“Drunk or sober, allus ’derstand you.”
“Then listen.” And out came the tale that Wolverstone had told. The Captain steadied himself to grasp it.
“It’ll do as well asertruth,” said he when Wolverstone had finished. “And... oh, no marrer! Much obliged to ye, Old Wolf — faithful Old Wolf! But was it worthertrouble? I’m norrer pirate now; never a pirate again. ‘S finished’” He banged the table, his eyes suddenly fierce.
“I’ll come and talk to you again when there’s less rum in your wits,” said Wolverstone, rising. “Meanwhile ye’ll please to remember the tale I’ve told, and say nothing that’ll make me out a liar. They all believes me, even the men as sailed wi’ me from Port Royal. I’ve made ’em. If they thought as how you’d taken the King’s commission in earnest, and for the purpose o’ doing as Morgan did, ye guess what would follow.”
“Hell would follow,” said the Captain. “An’ tha’s all I’m fit for.”
“Ye’re maudlin,” Wolverstone growled. “We’ll talk again to-morrow.”
They did; but to little purpose, either that day or on any day thereafter while the rains — which set in that night — endured. Soon the shrewd Wolverstone discovered that rum was not what ailed Blood. Rum was in itself an effect, and not by any means the cause of the Captain’s listless apathy. There was a canker eating at his heart, and the Old Wolf knew enough to make a shrewd guess of its nature. He cursed all things that daggled petticoats, and, knowing his world, waited for the sickness to pass.
But it did not pass. When Blood was not dicing or drinking in the taverns of Tortuga, keeping company that in his saner days he had loathed, he was shut up in his cabin aboard the Arabella, alone and uncommunicative. His friends at Government House, bewildered at this change in him, sought to reclaim him. Mademoiselle d’Ogeron, particularly distressed, sent him almost daily invitations, to few of which he responded.
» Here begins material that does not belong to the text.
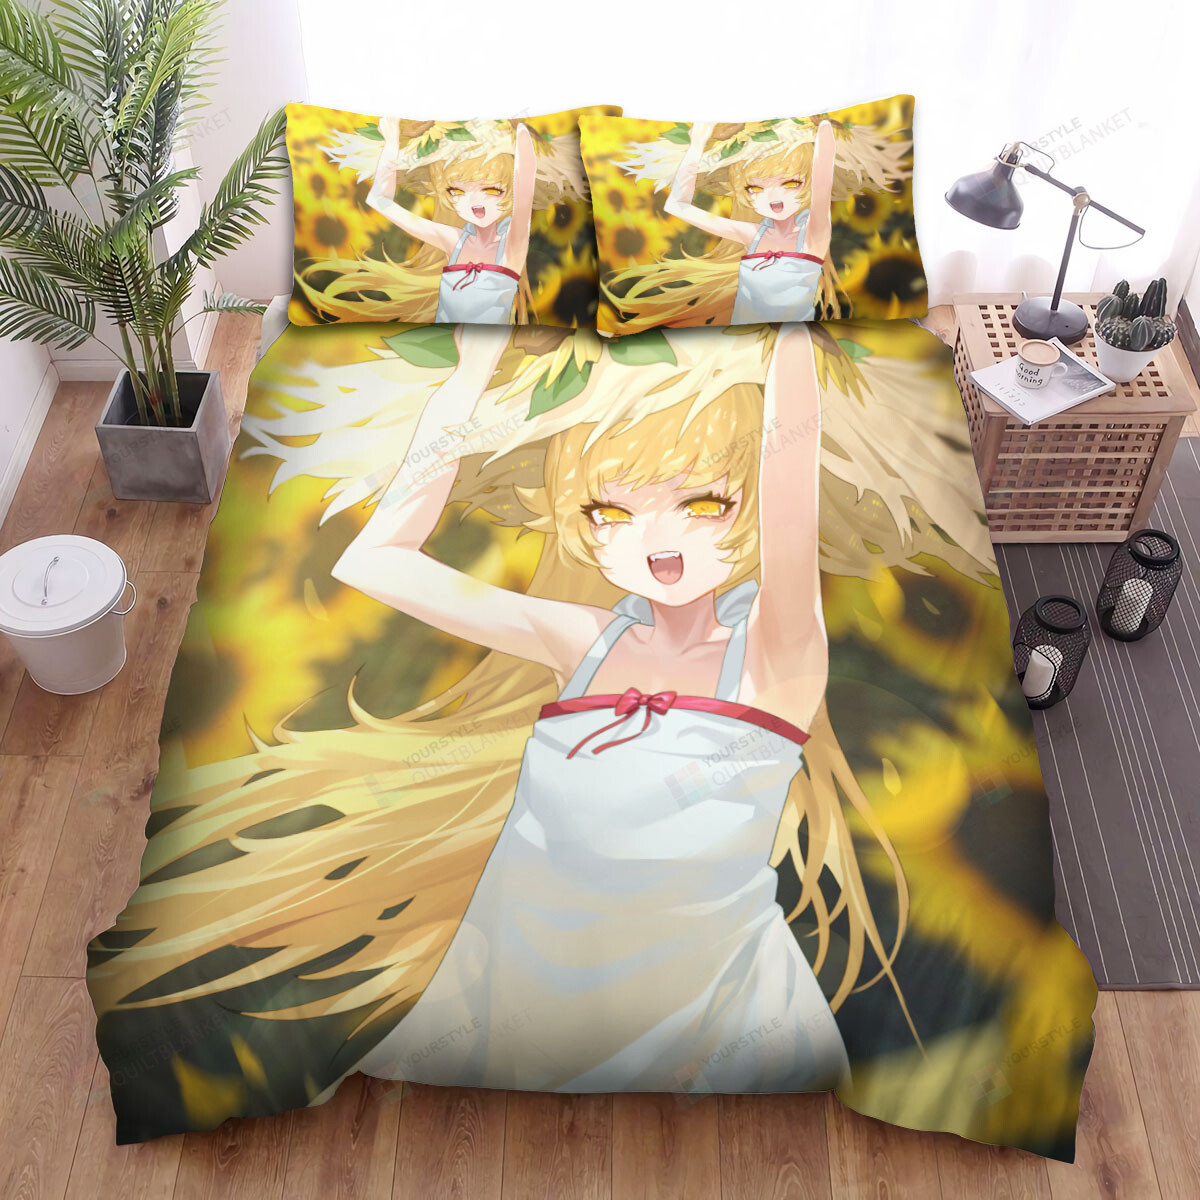 Monogatari Series Shinobu With The Sunflowers Bed Sheets Spread Comforter Duvet Cover Bedding Sets
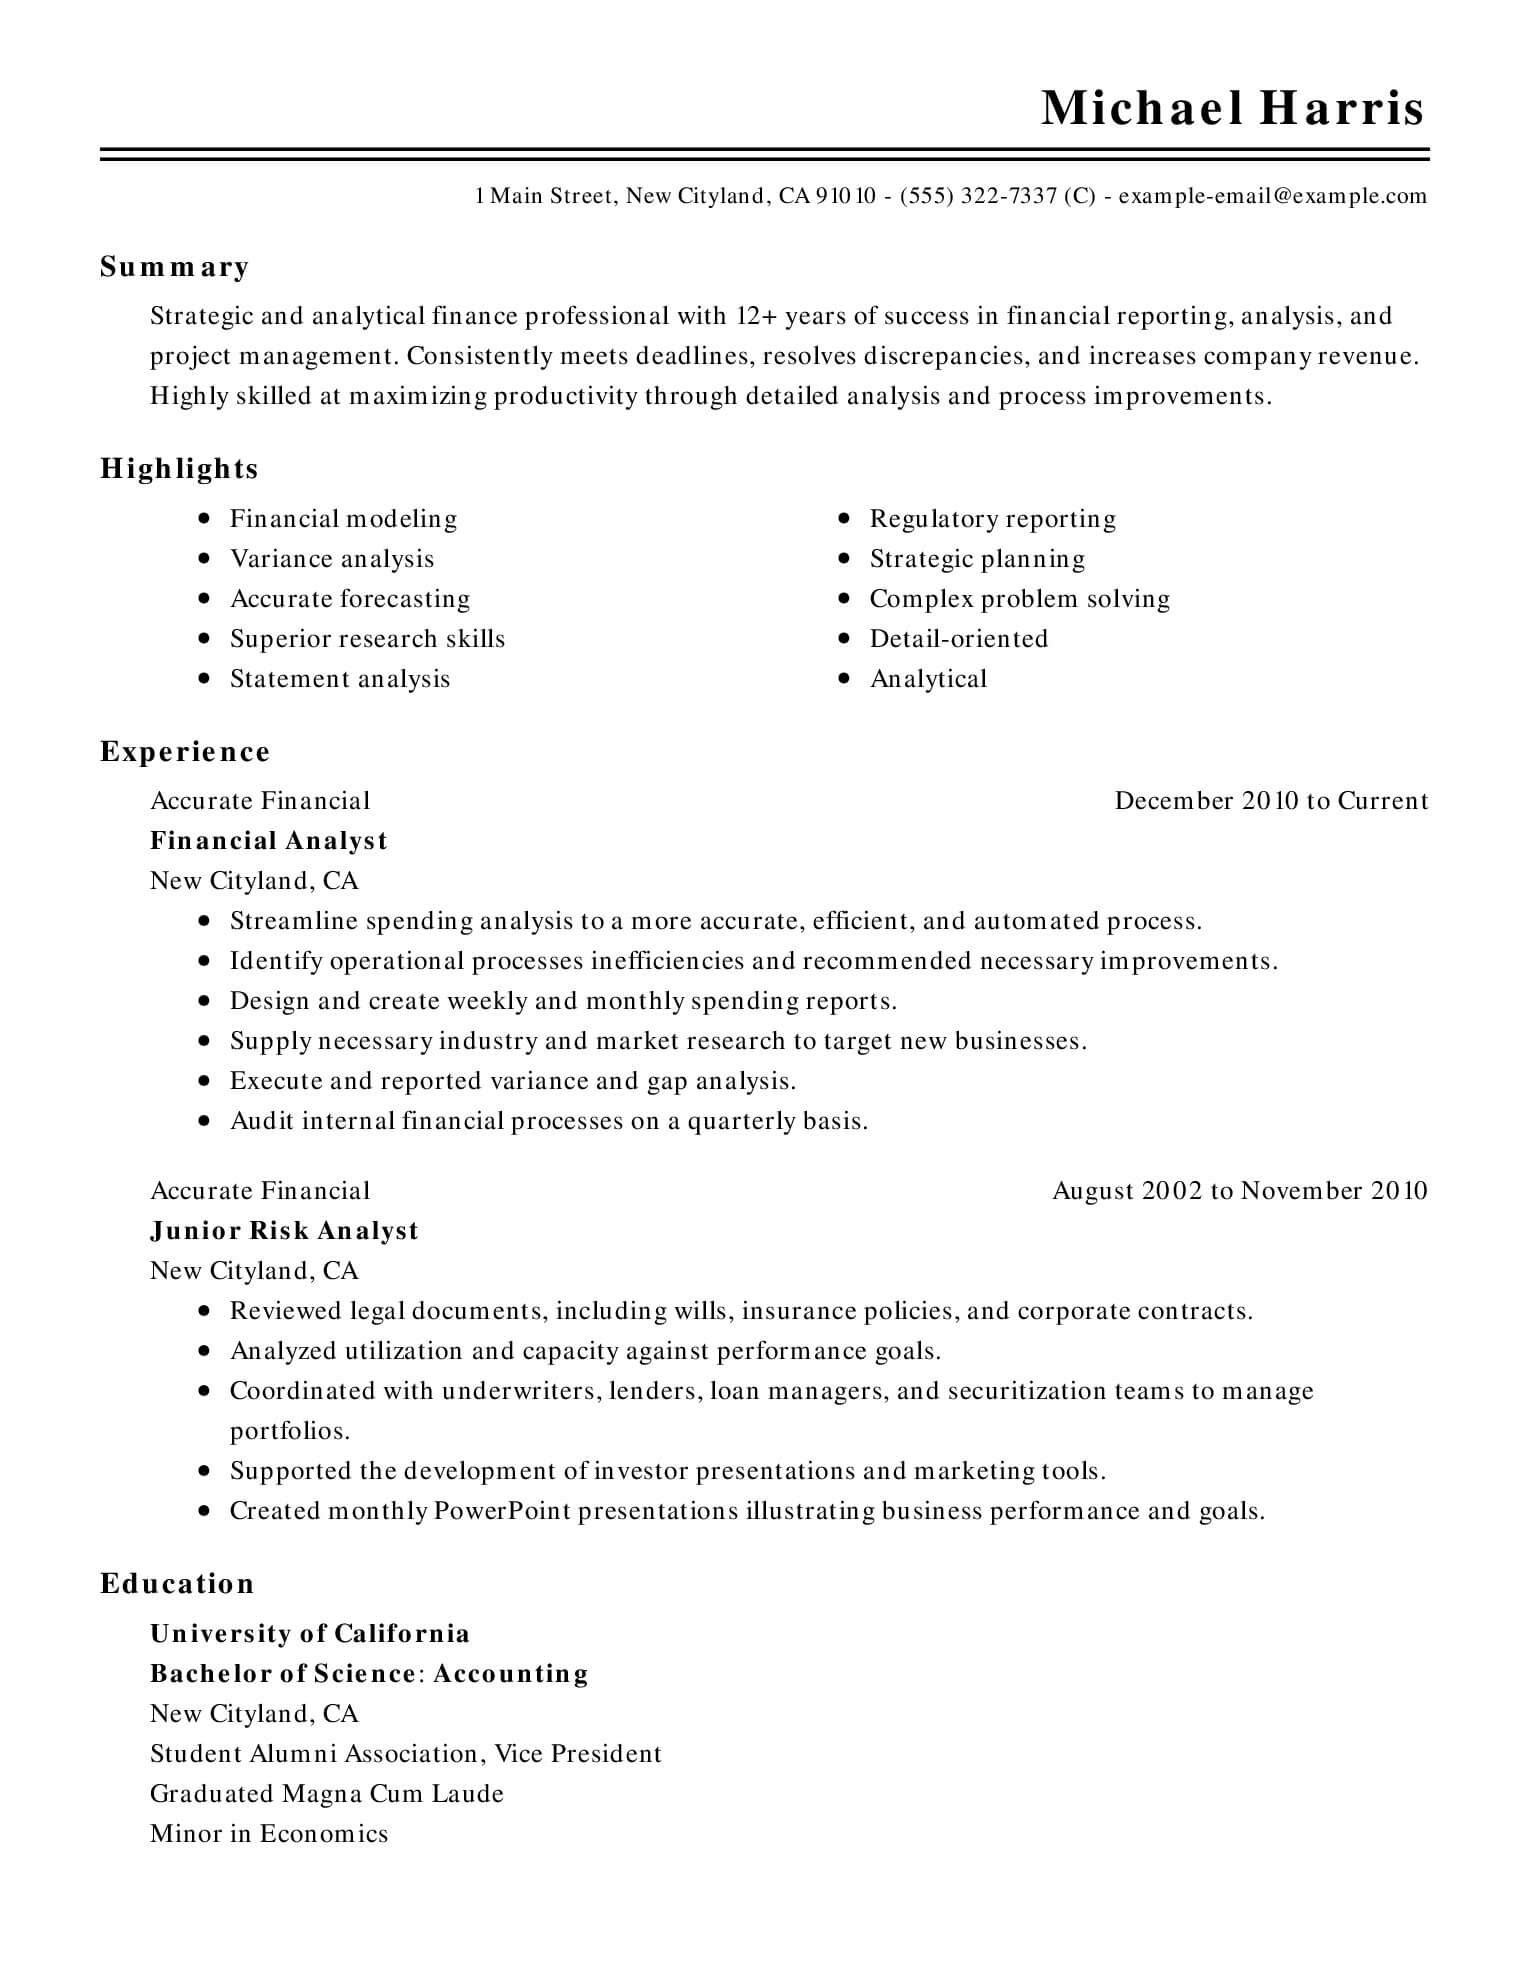 Basic Resume Template For Microsoft Word | Livecareer Pertaining To Simple Resume Template Microsoft Word

Later, as the rainy season approached its end, he was sought by his captains with proposals of remunerative raids on Spanish settlements. But to all he manifested an indifference which, as the weeks passed and the weather became settled, begot first impatience and then exasperation.
Christian, who commanded the Clotho, came storming to him one day, upbraiding him for his inaction, and demanding that he should take order about what was to do.
“Go to the devil!” Blood said, when he had heard him out. Christian departed fuming, and on the morrow the Clotho weighed anchor and sailed away, setting an example of desertion from which the loyalty of Blood’s other captains would soon be unable to restrain their men.
Sometimes Blood asked himself why had he come back to Tortuga at all. Held fast in bondage by the thought of Arabella and her scorn of him for a thief and a pirate, he had sworn that he had done with buccaneering. Why, then, was he here? That question he would answer with another: Where else was he to go? Neither backward nor forward could he move, it seemed.